Эти мечты, не менее светлые, чем декларируемое им будущее, Быков озвучил в декабре 2010 года, ещё до президентских выборов. Тогда же у него возникла мысль об объединении на базе умеренного национализма. Кого при этом он имел в виду? Просто не решаюсь высказать свои догадки. Если поверить Быкову, будто Россию построили евреи, если поверить, что нарекли их так антисемиты, и наконец, учесть, что русские от строительства России самоустранились, тогда кому и с кем, и на какой основе предстоит консолидироваться? Есть опасение, что Быков собирается всех и всё переименовать, начав с объявления евреев русскими, а затем на базе таким вот образом сконструированного национализма двигаться вперёд. Жаль только, что направление движения не нашёл нужным сообщить. Да, чуть не забыл – там же, в этом тексте Быкова, появились ещё какие-то национал-технократы без указания их национальной принадлежности. Опять же могу лишь предположить, что переименовав евреев в русских, Быков другую часть населения России намерен ещё как-то обозначить [143]:
«Я отнюдь не исключаю того варианта, что люди дела в России объединятся. Никакой программы, кроме умеренного, этического, скорее, национализма, я для этого не вижу. И вот победа умных и здравых, не погромных националистов представляется мне весьма перспективной».
Однако мало Быкову одних националистов, мало примкнувших к ним национал-технократов. По мнению Дмитрия Львовича, в это содружество людей должны влиться ещё и утописты, и альтруисты, и вообще все те, у кого есть хоть какая-то позитивная программа и желание против чего-нибудь протестовать. В общем, «социально воспитанные» люди просто обязаны в этом движении участвовать и что-то предпринять. К счастью, на этот раз обошлось без космополитов, а то ведь беды опять не миновать [143]:
«Технократы-утописты, они могли бы вытащить Россию. Потому что, во-первых, это люди дела, а во-вторых, убежденные альтруисты. Люди, которые думают о других. Люди, которые социально воспитаны. Которые думают не только о личном процветании. Я думаю, что если бы люди склада Гастева или Платонова в России победили бы в 20-30-е годы, у нас была бы весьма передовая страна. И этот шанс, в общем, сохраняется. Если бы возникло единение всех протестных сил, у которых есть позитивная программа. А это единение не исключено. Вот в их рядах я себя вижу».
Странно, но в этих сплочённых рядах в 2010 году почему-то не нашлось места либералам. Уж если объединять всех недовольных, без либералов никак не обойтись – ведь они «числом поболее», чем те же утописты или никому не ведомые технократы-националисты.
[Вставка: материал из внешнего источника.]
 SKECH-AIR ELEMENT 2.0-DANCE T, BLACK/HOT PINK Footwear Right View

Возможно, тут сказалась давняя неприязнь или какая-то обида – ну, скажем, Немцов в трамвае место Быкову не уступил. Теряюсь в догадках, но ничего достойного этой книги в мою бедную голову так и не приходит. Возможно, сам Быков где-то уж слишком глубоко, на подсознательном уровне затаил обиду, а потому требуется время, чтобы понять – что, как и аочему?
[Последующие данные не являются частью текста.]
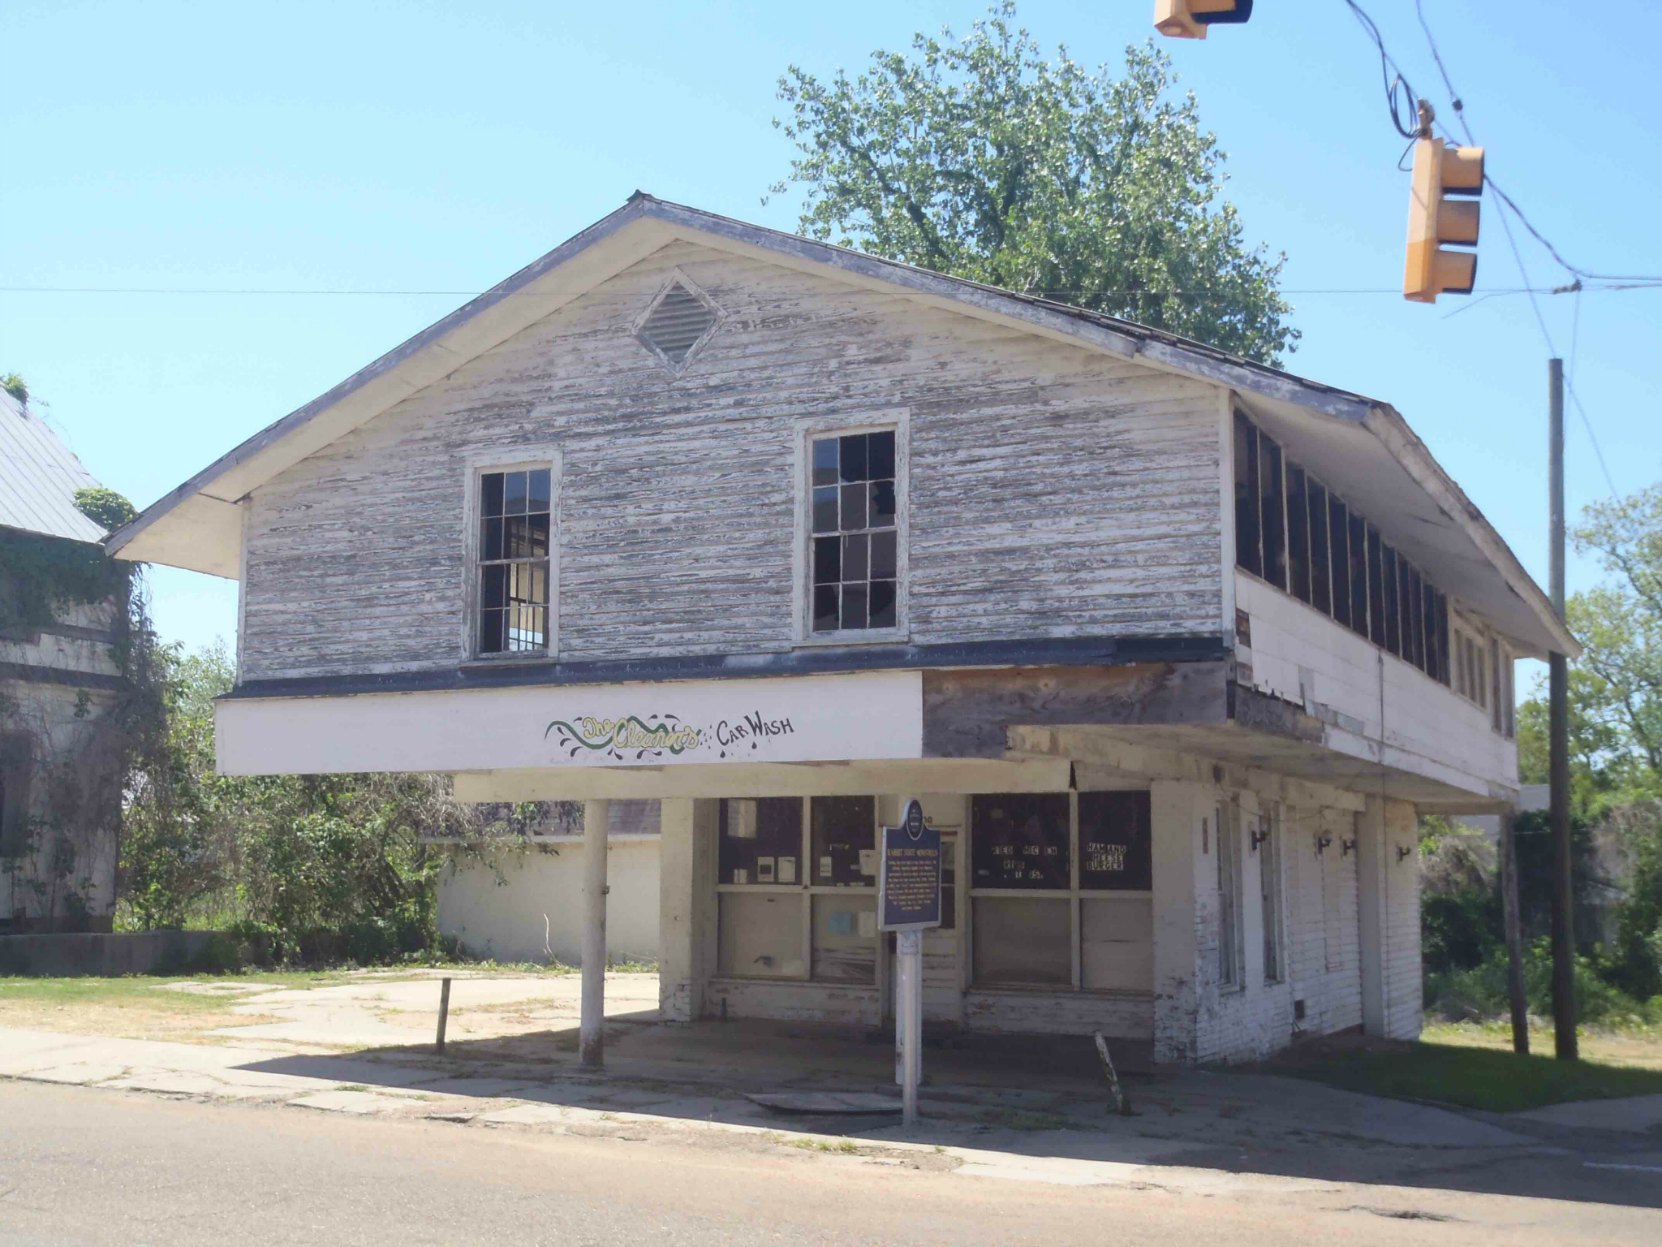 Mississippi Blues Trail marker for the Rabbit Foot Minstrels, Port Gibson, Mississippi. Since Our last visit to Port Gibson, the building in this photo was destroyed by a fire (an arson) in September 2015.

Только через год, в преддверии выборов, Быков разъясняет нам причину такой дискриминации по отношению к либералам, рассматривая возможные кандидатуры на пост премьер-министра, в частности, шансы Михаила Прохорова и Алексея Кудрина [153]:
«Премьером может стать <…> кто угодно, но человек либеральной репутации. Другое дело, что эта либерализация приведёт отнюдь не к раскрепощению прессы или раскрепощению выборов, а к тому, что будет жёсткое квазилиберальное наступление на льготы, на последние остатки социалки, на пенсионный возраст, о котором сегодня уже говорят. То есть это будет <…> научная система выжимания пота в сочетании с научной системой зажимания рта».
Вот даже как! Совсем не ожидал подобного от Кудрина. Тут альтруизмом даже и не пахнет – одно лишь квазинаучное закручивание гаек. Не дай бог, талоны на продовольствие надумает ввести. В общем, ужасны сами по себе эти либералы и очень страшная получается картина, если страна окажется под их пятой – настолько страшная, что попросту не верится. Но что поделаешь, Быкову виднее: он человек общительный, у него гораздо больше информации, по долгу службы ему приходится разговаривать с разными людьми на презентациях, в фойе концертных залов, в ресторанах, в Домжуре или в Доме литераторов. Возможно, по результатам этих разговоров он и пришёл к печальным выводам. И в ожидании либеральных перемен пал духом окончательно и бесповоротно [154]:
«В России очень тошно, вот, исключительно тошно. И эта тошность – она не зависит от того, воруют или нет. Не зависит от того, как агитируют. Она, вот, зависит исключительно от одного – от процента фальши и лицемерия».